DOJ Announces $72.3 Million False Claims Act Settlement

Arent Fox

DOJ Announces $72.3 Million False Claims Act Settlement

Oklahoma Center for Orthopaedic and Multi-Specialty Surgery, its part-owner and management company, a physician group, and other affiliated entities and individuals settled False Claims Act and Oklahoma Medicaid False Claims Act allegations for $72.3 million.

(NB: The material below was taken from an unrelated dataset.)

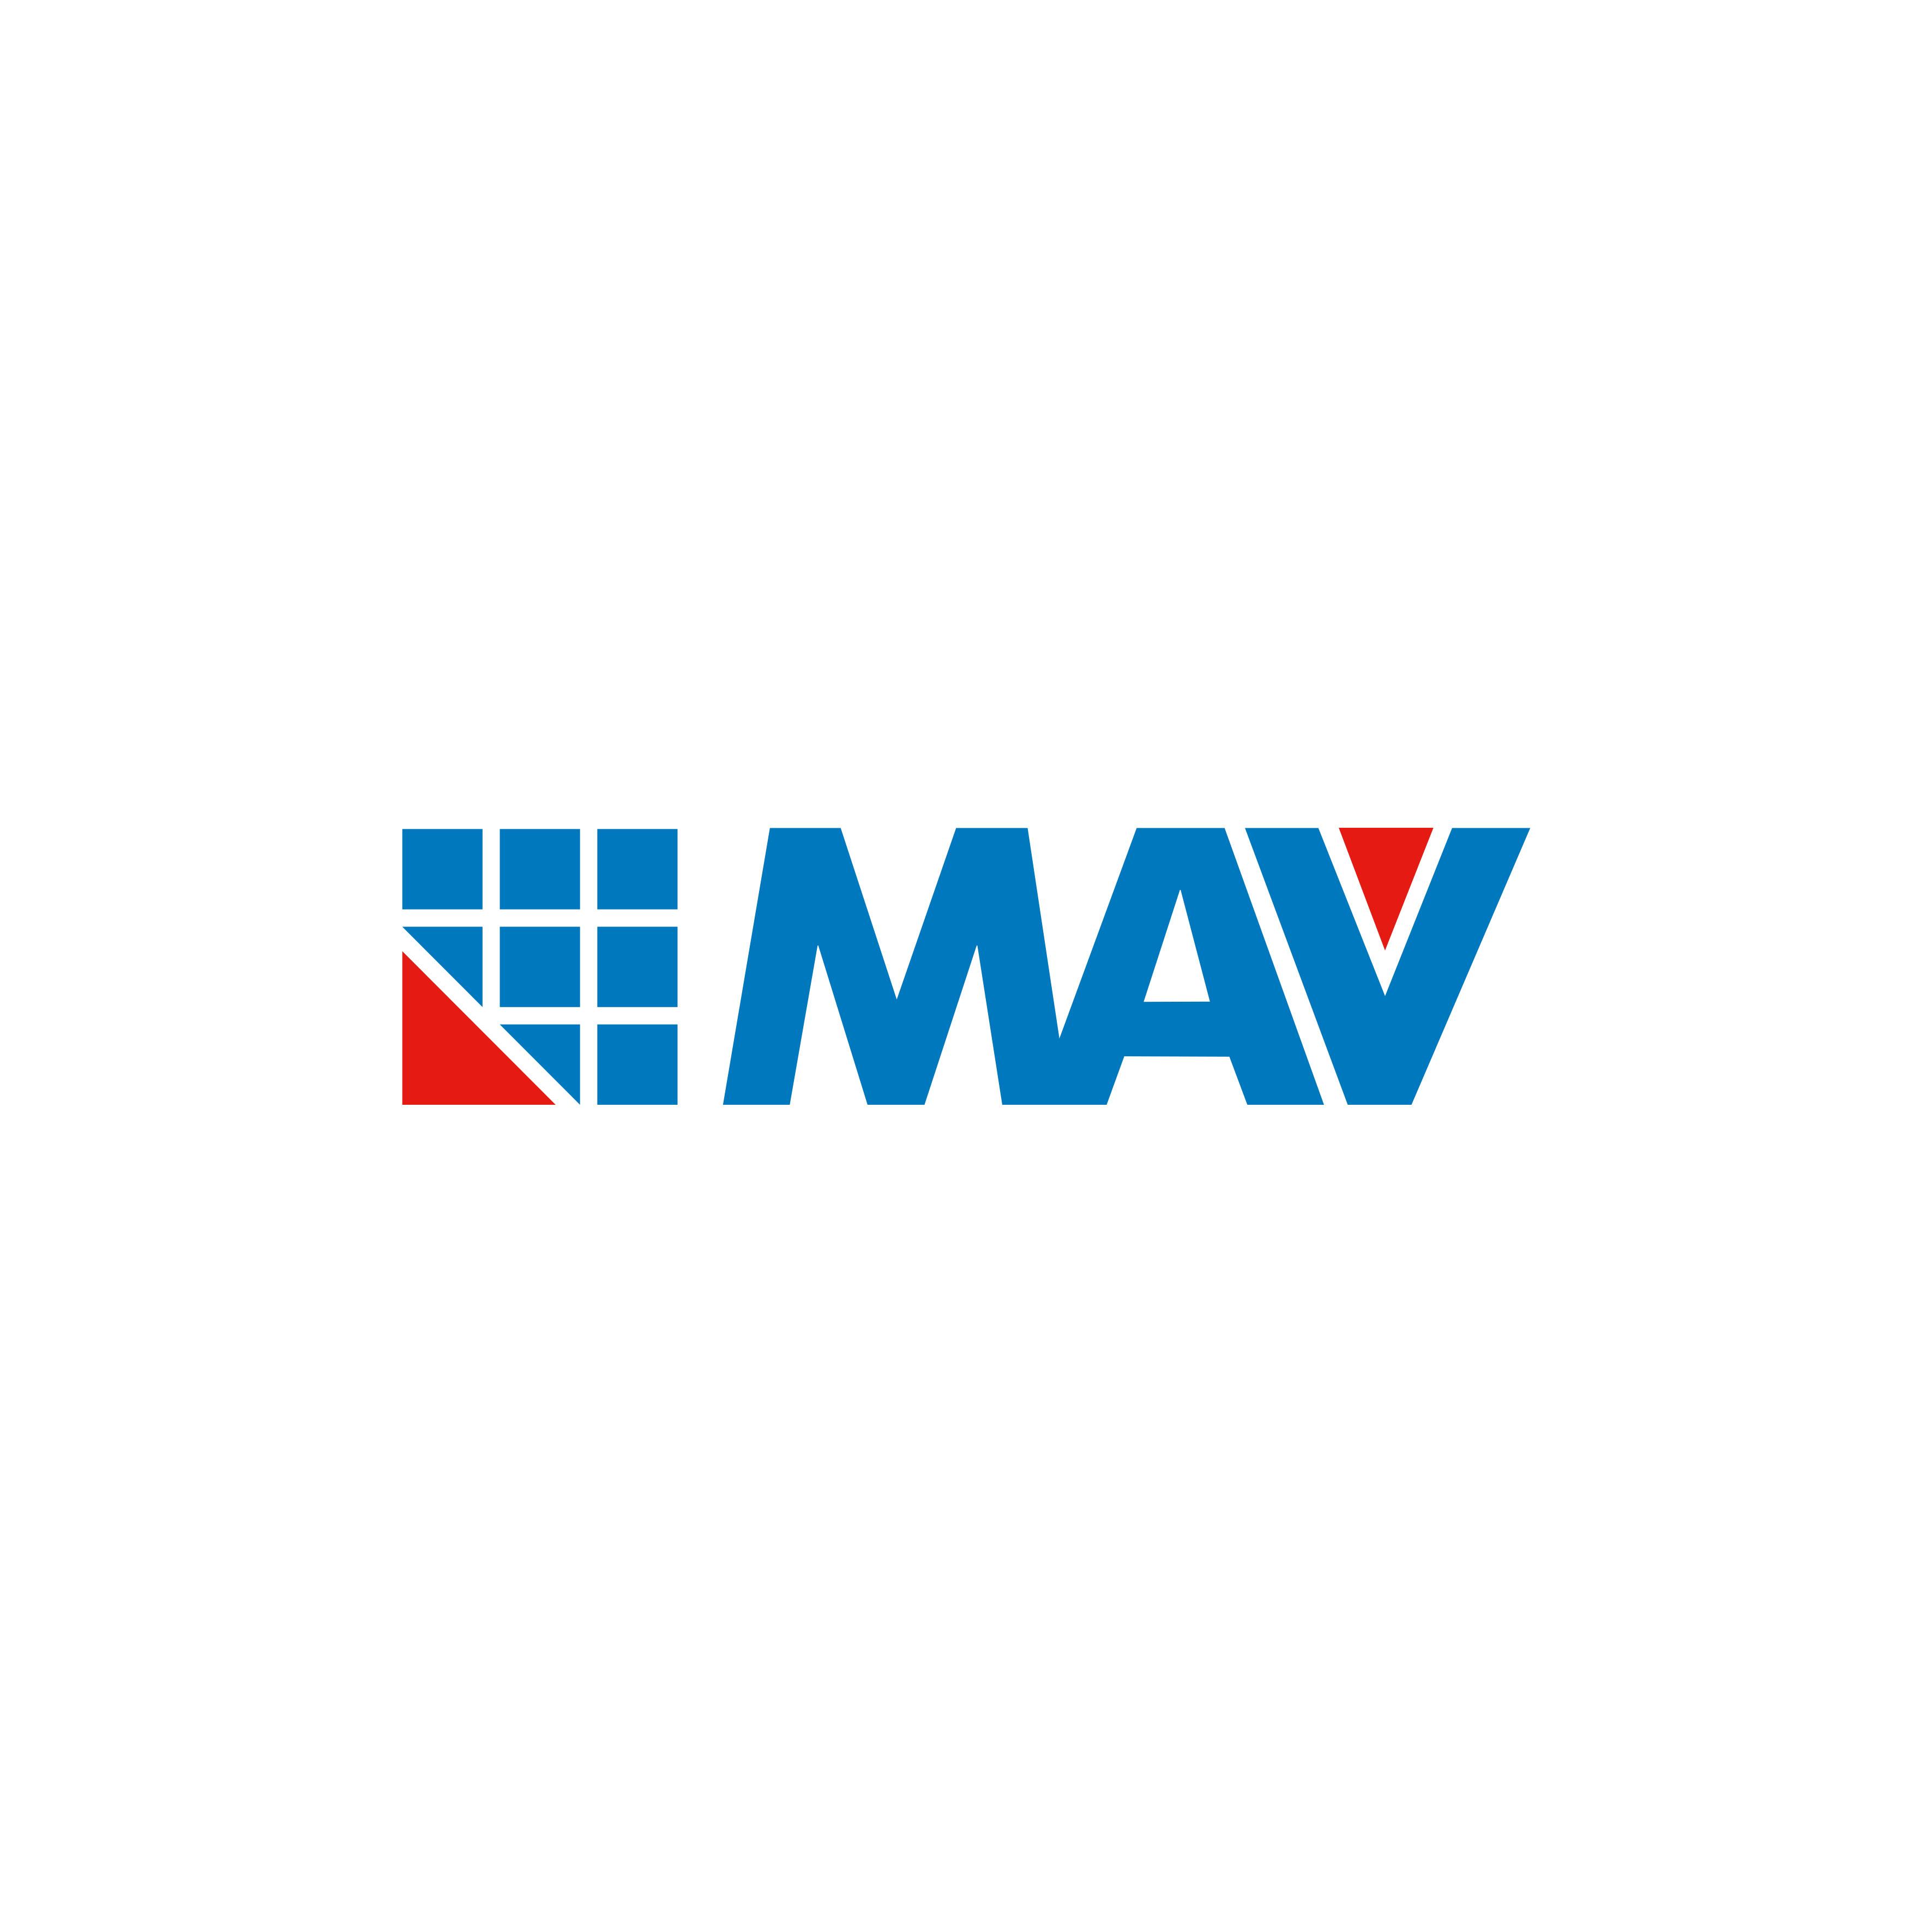 MAV Mineralstoff - Aufbereitung und -Verwertung GmbH

A whistleblower alleged that the defendants were engaged in an illegal kickback scheme involving improper payments to referring physicians in violation of the Anti-Kickback Statute and the Physician Self-Referral Law (or the “Stark Law”), which allegedly led to the submission of false claims to the Medicare, Medicaid, and TRICARE programs.

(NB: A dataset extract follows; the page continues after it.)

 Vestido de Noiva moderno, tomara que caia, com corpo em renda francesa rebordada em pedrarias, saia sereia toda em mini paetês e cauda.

Specifically, the whistleblower alleged that the physicians received kickbacks for referring patients to the hospital, in which they have an ownership interest. The kickbacks took the form of free or below-fair-market-value office space, employees, and supplies, compensation in excess of fair market value for physician services, equity buyback provisions and payments for certain physicians exceeding fair market value, and preferential investment opportunities in connection with anesthesia services.

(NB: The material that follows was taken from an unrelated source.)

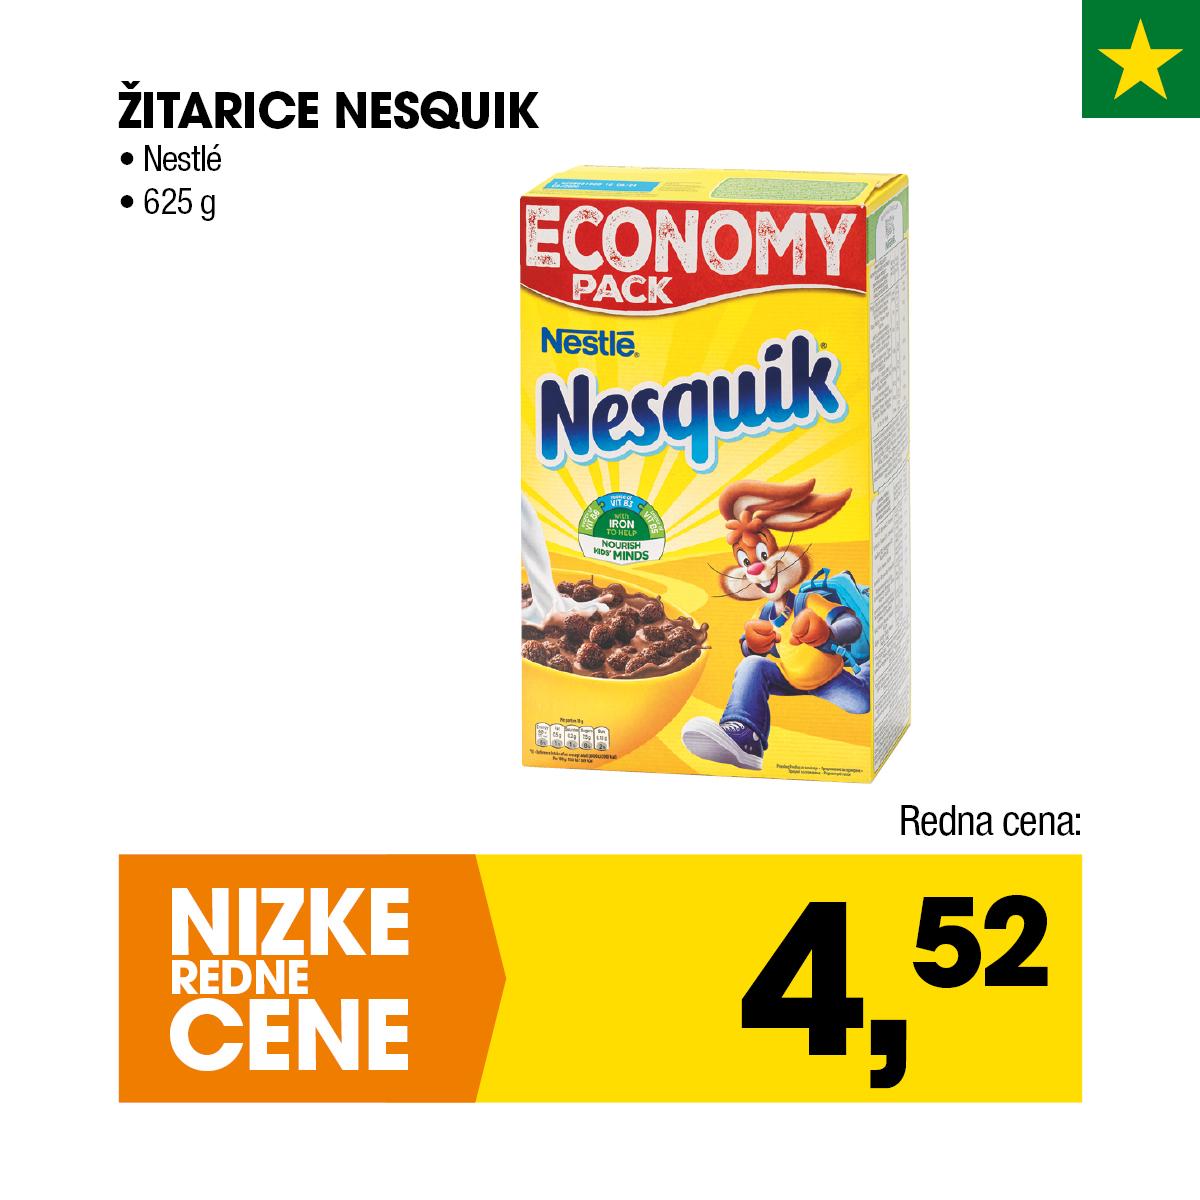 Nestle žitarice Nesquik

The USAO press release is here.

Molecular Diagnostics Testing Company to Pay $8.25 Million to Resolve False Claims Act Allegations

Agendia, Inc., a genetic testing company based in Irvine, California, has agreed to pay $8.25 million to settle False Claims Act claims brought in the Western District of Kentucky. The qui tam lawsuit, filed by a former employee of Lourdes Hospital, alleged that Agendia engaged in a nationwide scheme to bill Medicare for its flagship genetic test, which analyzes certain genes in a breast cancer tumor and predicts the risk of breast cancer recurrence in patients. According to the complaint, Agendia conspired with hospitals to delay ordering the test in order to circumvent Medicare’s 14-Day Rule. The 14-Day Rule prohibited laboratories from billing Medicare for tests ordered within 14 days of the patient’s discharge from a hospital, but permitted billing for the test if performed 14 days after discharge. The government intervened in the lawsuit in May 2020 for purposes of settlement.

The USAO press release is here.

Ophthalmic Consultants Agrees to Settle Healthcare Fraud Claims for $4.8 Million

A Florida-based practice, Ophthalmic Consultants, P.A., has agreed to settle fraud claims for $4.8 million. The government alleged that Ophthalmic Consultants used a single vial of certain single-use medications to provide multiple doses to patients. The providers then billed Medicare, TRICARE, and the Federal Employees Health Benefits Program for multiple doses, thereby receiving excessive reimbursements.

The USAO press release is here.

DISCLAIMER: Because of the generality of this update, the information provided herein may not be applicable in all situations and should not be acted upon without specific legal advice based on particular situations.